Saleh v US Dept of Justice 962 F.2d 234 (2nd Cir. 1992) also deals with the issue of prosecution under “religious law” and its relationship to asylum claims. The applicant in that case was a citizen of Yemen who plead guilty to the murder of another Yemeni national in New York. He submitted that conviction for this offence in Yemen entitled him to asylum in the United States. The applicant’s argument was that because he would be punished under Yemen’s “fanatical interpretation of age old religious laws and customs”, he would be being persecuted on account of his religion. The US Court of Appeals rejected this submission. It viewed the applicant’s prosecution in Yemen as reflecting the non-discriminatory application of Yemeni criminal law to his intentional killing of a fellow Yemeni Moslem. The court referred to the United Nations Handbook on Procedures and Criteria for Determining Refugee Status (1979) and noted that “persecution must be distinguished from punishment for a common law offence … It should be recalled that a refugee is a victim – or potential victim – of injustice, not a fugitive from justice”. In the court’s view, asylum laws in the United States did not call upon the court to substitute domestic standards for those enforced under Yemeni law nondiscriminatorily in accordance with the Moslem religion. Persecution, the court reasoned, does not arise “on account of religion” because an applicant faces deportation to a country that takes religion into account in the provisions of its domestic criminal law.
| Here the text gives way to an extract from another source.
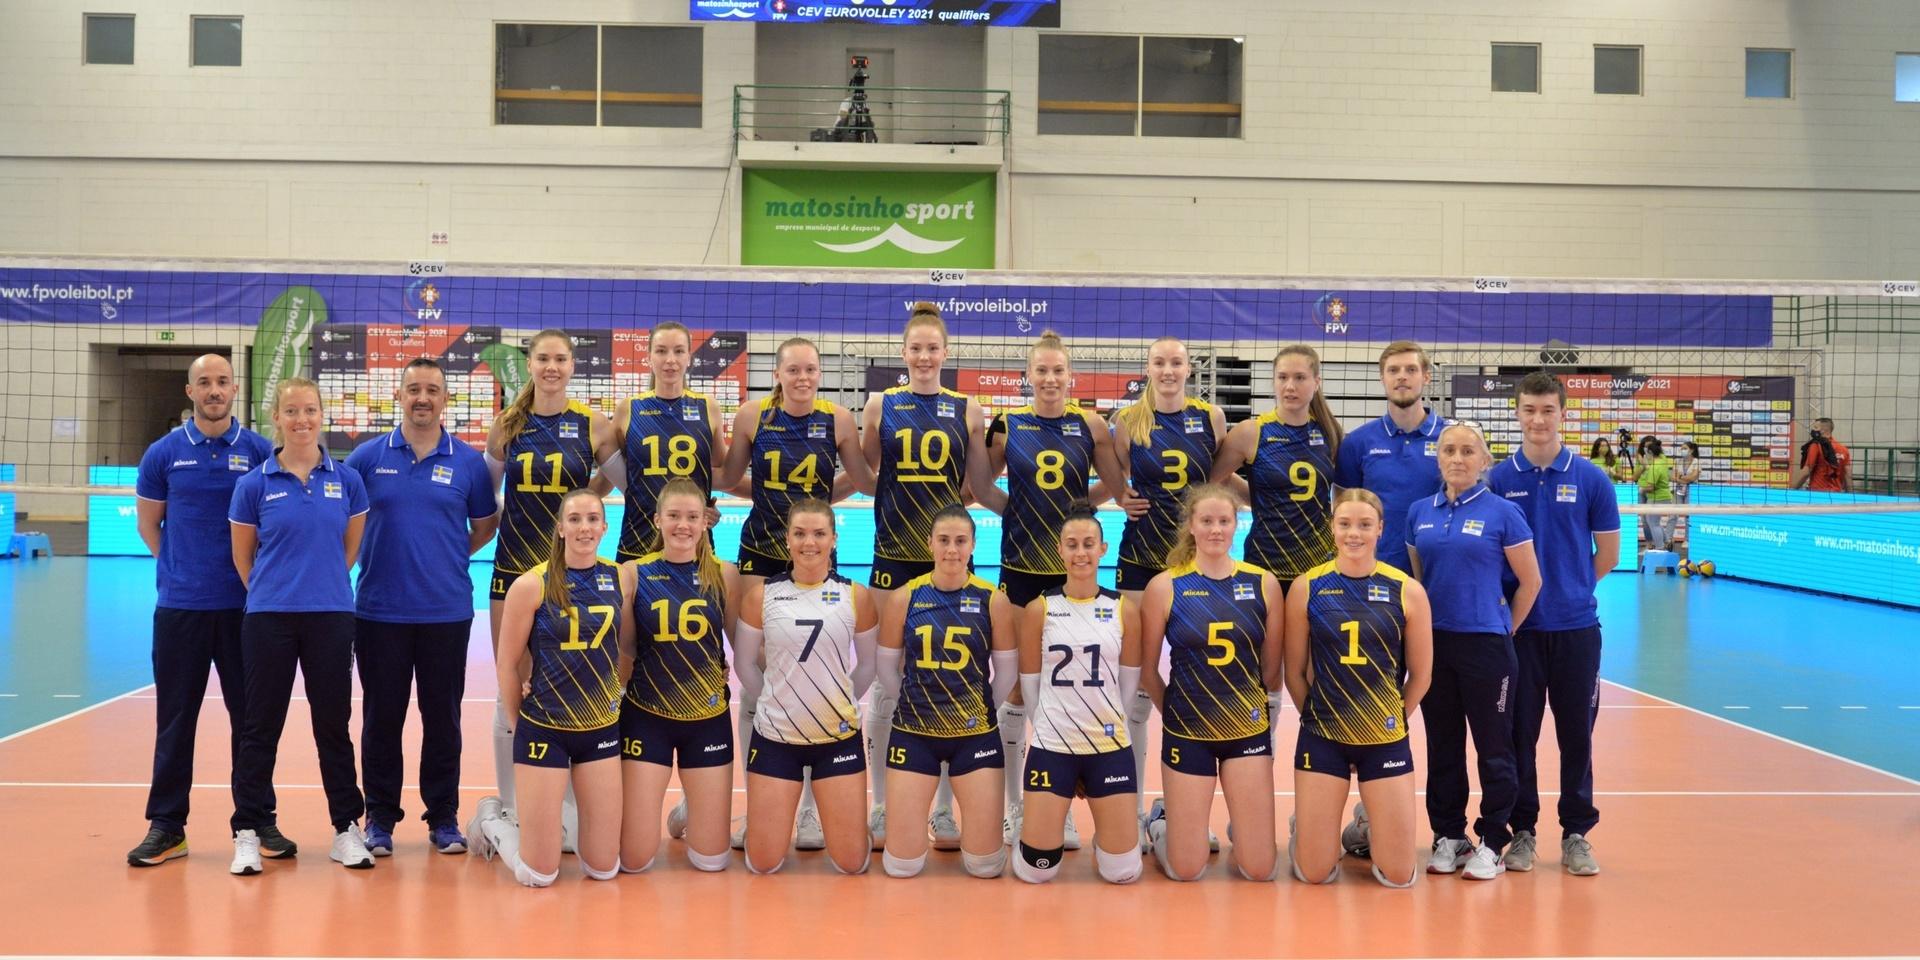 Det svenska damlandslaget i volleyboll i samband med EM-kvalet i Portugal. Victor är en av ledarna som står i bakre raden till höger.

Counsel for the Minister referred to a number of authorities concerning the question of whether the punishment that followed proven contravention of a law of general application was so disproportionate to the offence as to amount to persecution. In Chanco v Immigration & Naturalisation Service 82 F.3d 298 (9th Cir. 1996), the US Court of Appeals stated that the fear of persecution must be evaluated in the context of the legitimacy of the law being enforced. The court reasoned that although prosecution for a common law crime will not ordinarily constitute persecution, a disproportionate punishment may support a claim that the prosecution is a pretext for persecution on account of political opinion. However, any argument put forward of this kind must be supported by evidence that disproportionate punishment is in fact faced. Counsel for the Minister also referred to the United Kingdom case of O v Immigration Appeal Tribunal [1995] Imm AR 494 (Ct of Appeal) on the issue of the relationship between alleged persecution and prosecution for breach of a legitimate law of the state. The court in that case, rejecting the argument of the Ghanaian applicant who faced punishment in relation to arms stockpiling offences, held that a disaffected citizen cannot seek to achieve refugee status abroad “simply by breaching perfectly sensible foreign laws and thus exposing himself to prosecution”.
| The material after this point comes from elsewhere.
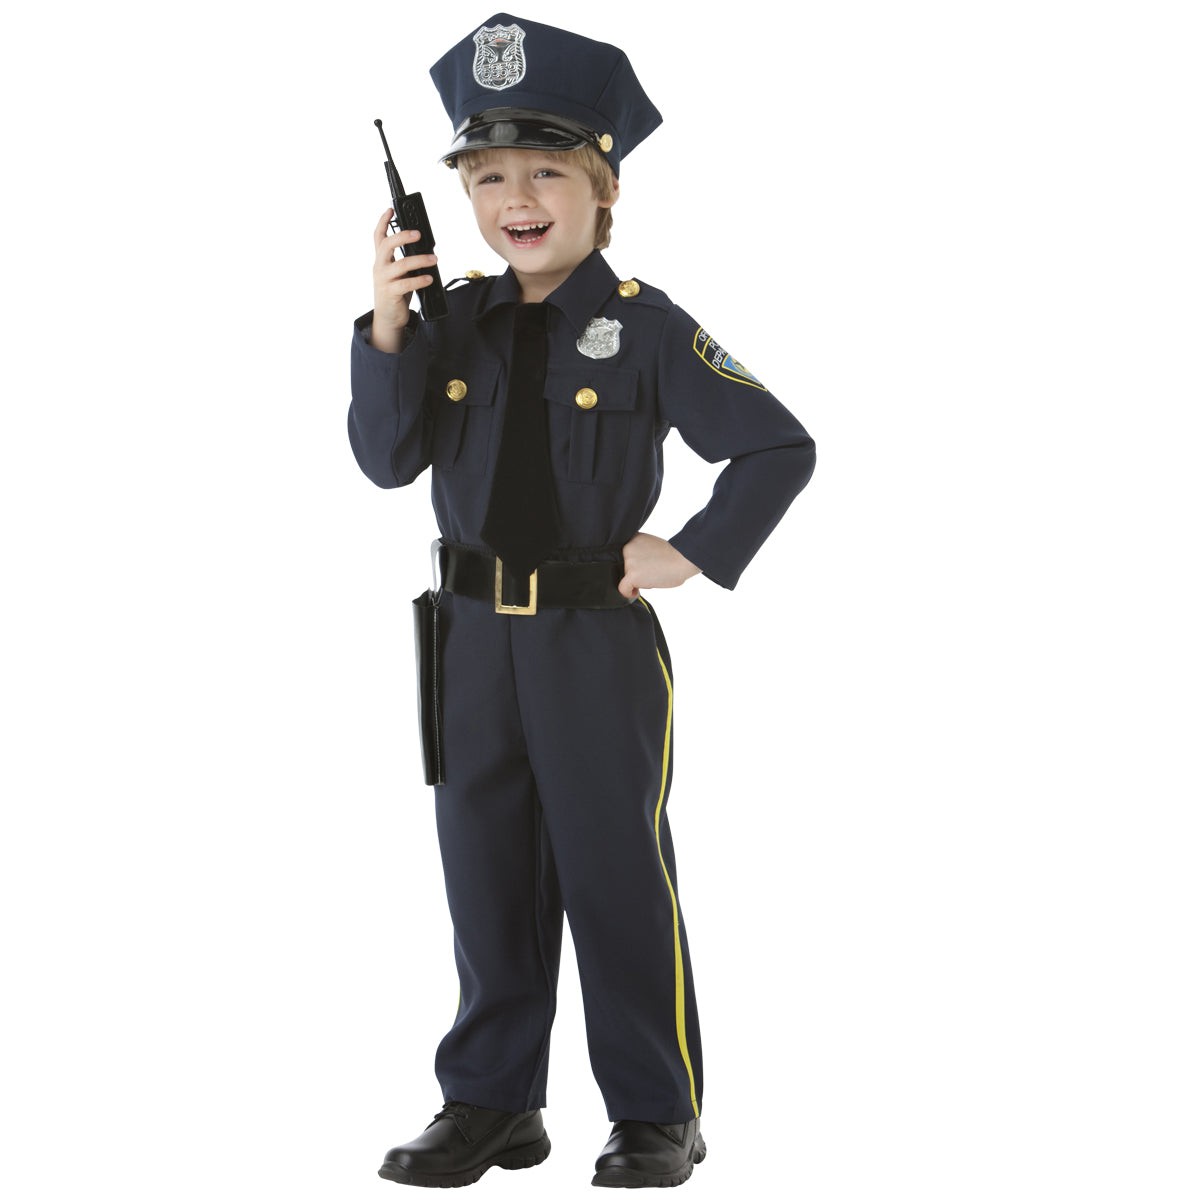 Kit policier enfants

R v Secretary of State, ex parte Jafar Danaie [1997] Imm AR 366 was another case referred to by counsel for the Minister. It again related to an asylum claim by a citizen of Iran. Like Mr Darboy, the applicant in that case had committed adultery, but claimed that fear for his life arose not only because of anticipated punishment at the hands of Iranian authorities, but also in relation to the potential retaliation of the woman’s husband. The applicant argued that because Iran is a state that enforces a religious code of conduct and religious laws, he had a fear of persecution based upon either his failure to abide by those religious laws or on account of his perceived political opinion of being opposed to those religious laws. Such a fear, he argued, would constitute persecution for a Convention reason. Collins J rejected this reasoning, stating that all criminal laws, in any state, reflect to a degree the mores of the society of that state. His Honour said that sexual offences in particular may fall into a special category, with some societies being much freer than others in deciding what sort of sexual conduct ought to fall foul of the criminal law. In this case, however, Collins J did not believe that prosecution for such an offence in Iran, whether at the hands of the authorities or via the retaliation of the husband, gave rise to the type persecution envisaged by the Convention.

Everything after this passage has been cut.